Image Source: NextEra Energy
By Brian Nelson, CFA
On January 24, NextEra Energy (NEE) reported mixed fourth quarter results with revenue missing the consensus forecast, but non-GAAP earnings per share coming in line. For the fourth quarter, net income attributable to NextEra Energy came in at $1.203 billion, or $0.58 per share, compared to $1.21 billion, or $0.59 per share, for the fourth quarter of 2023. On an adjusted basis, NextEra reported fourth-quarter earnings of $1.095 billion, or $0.53 per share, compared to $1.067 billion, or $0.52 per share, in the same period last year.

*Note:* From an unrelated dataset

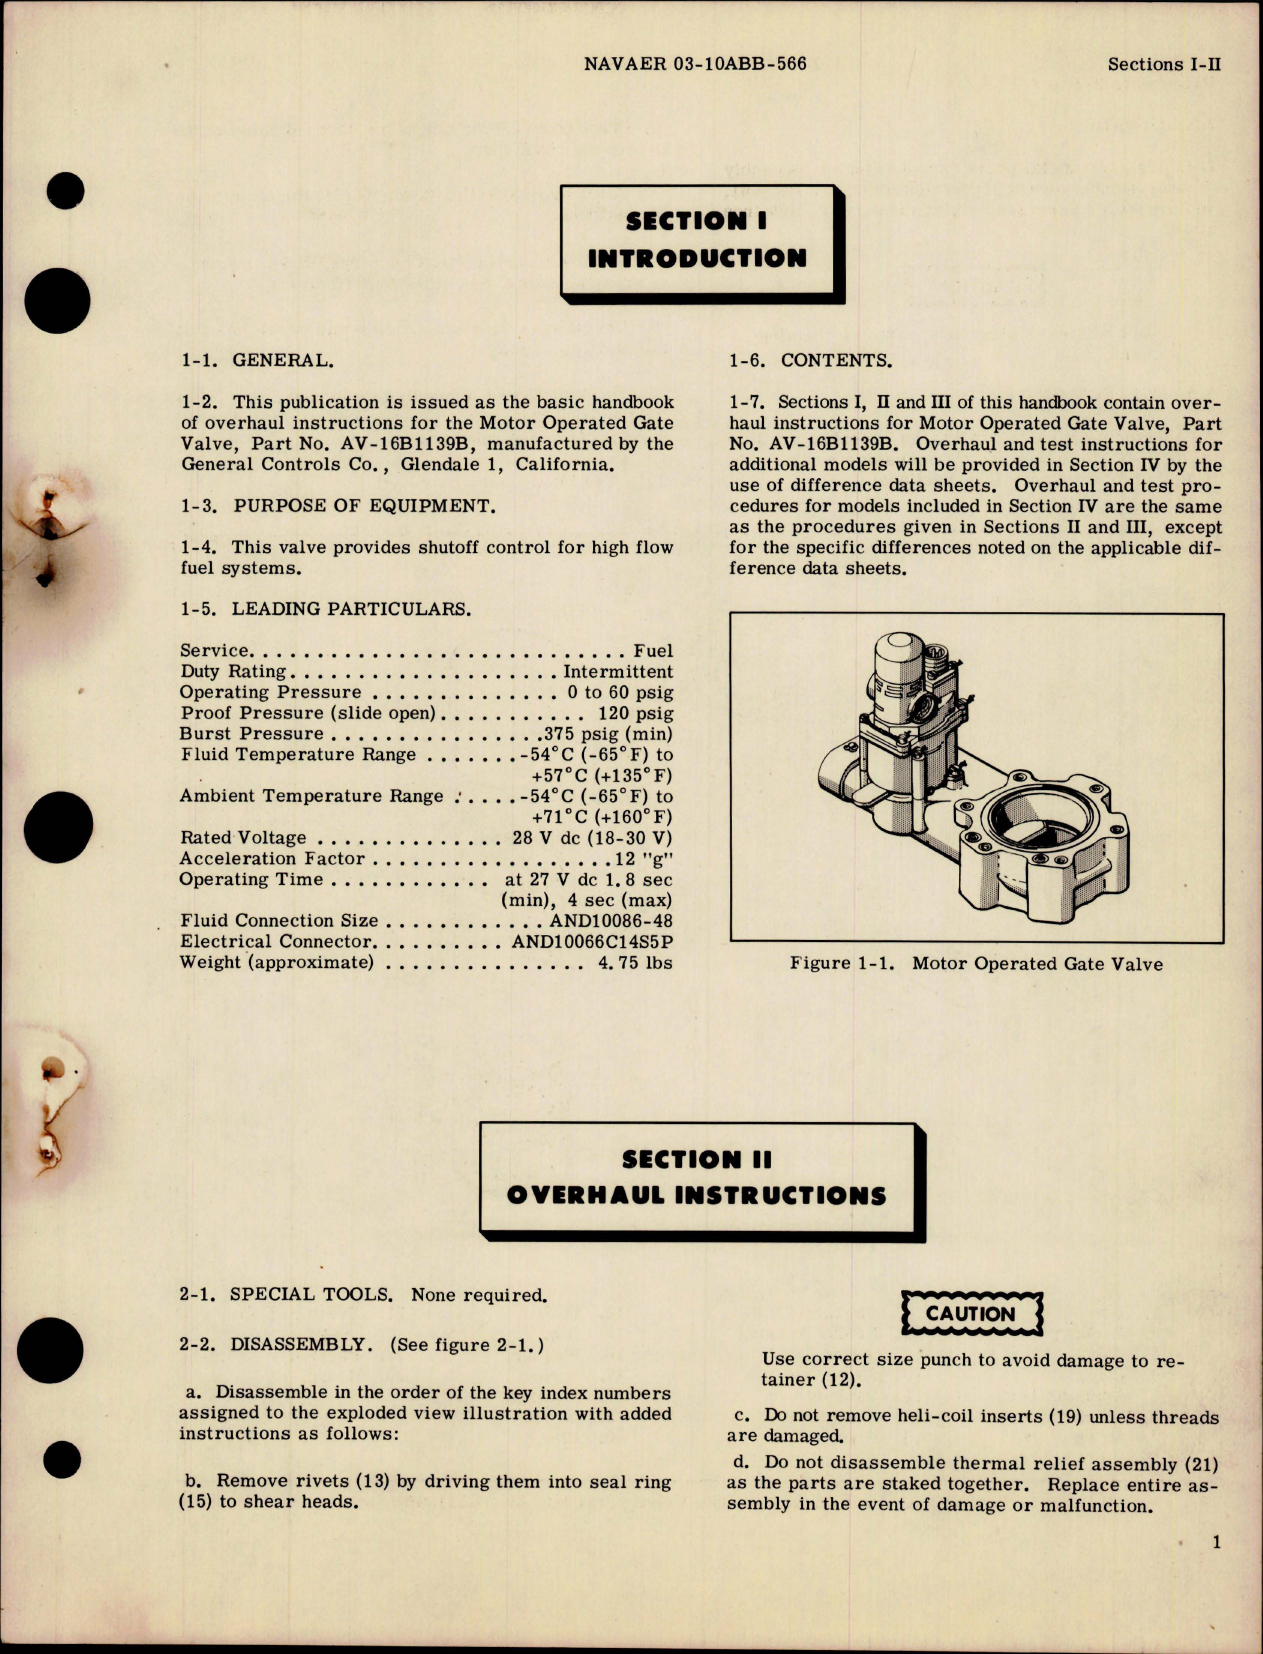 Sample page 5 from AirCorps Library document: Overhaul Instructions for Motor Operated Gate Valve - AV-16B Series - Part AV-16B1139B and Similar Valves

Management had a lot to say about the quarter:
NextEra Energy had an excellent year of execution in 2024, growing full-year adjusted earnings per share by more than 8% over 2023 and once again achieving the top end of our adjusted earnings per share expectations range. Continuing our track record of providing long-term value for shareholders, we have delivered compound annual growth in adjusted earnings per share of more than 10% since 2021 and of approximately 10% over the past 10 years, both of which are the highest among all top-10 power companies. NextEra Energy generates more electricity and invests more in energy infrastructure than any other company in the U.S. and in 2024 placed into service roughly 8.7 gigawatts of new renewables and storage projects, expanding our leadership in power generation. With experience in every part of the energy value chain and a track record of delivering for our customers and shareholders, we believe NextEra Energy is well positioned to capitalize on the opportunity set that lies ahead and the increased power demand that is happening now in the U.S. Given the strength of both of our businesses, we will be disappointed if we are not able to deliver financial results at or near the top of our adjusted earnings per share expectations ranges in each year through 2027, while maintaining our strong balance sheet and credit ratings.
Its FPL division reported fourth quarter 2024 net income on a GAAP basis of $845 million, or $0.41 per share, compared to $1.146 billion, or $0.56 per share, for the same period of 2023. On an adjusted basis, FPL’s 2024 fourth quarter earnings were $845 million, or $0.41 per share, compared to $846 million, or $0.41 per share, in last year’s quarter. NextEra Energy Resources reported fourth-quarter 2024 net loss on a GAAP basis of $442 million, or $0.21 per share, compared with net income of $885 million, or $0.43 per share, in the prior-year quarter. On an adjusted basis, NextEra Energy Resources’ earnings for the fourth quarter of 2024 were $446 million, or $0.22 per share, compared to $361 million, or $0.18 per share, for the fourth quarter of last year.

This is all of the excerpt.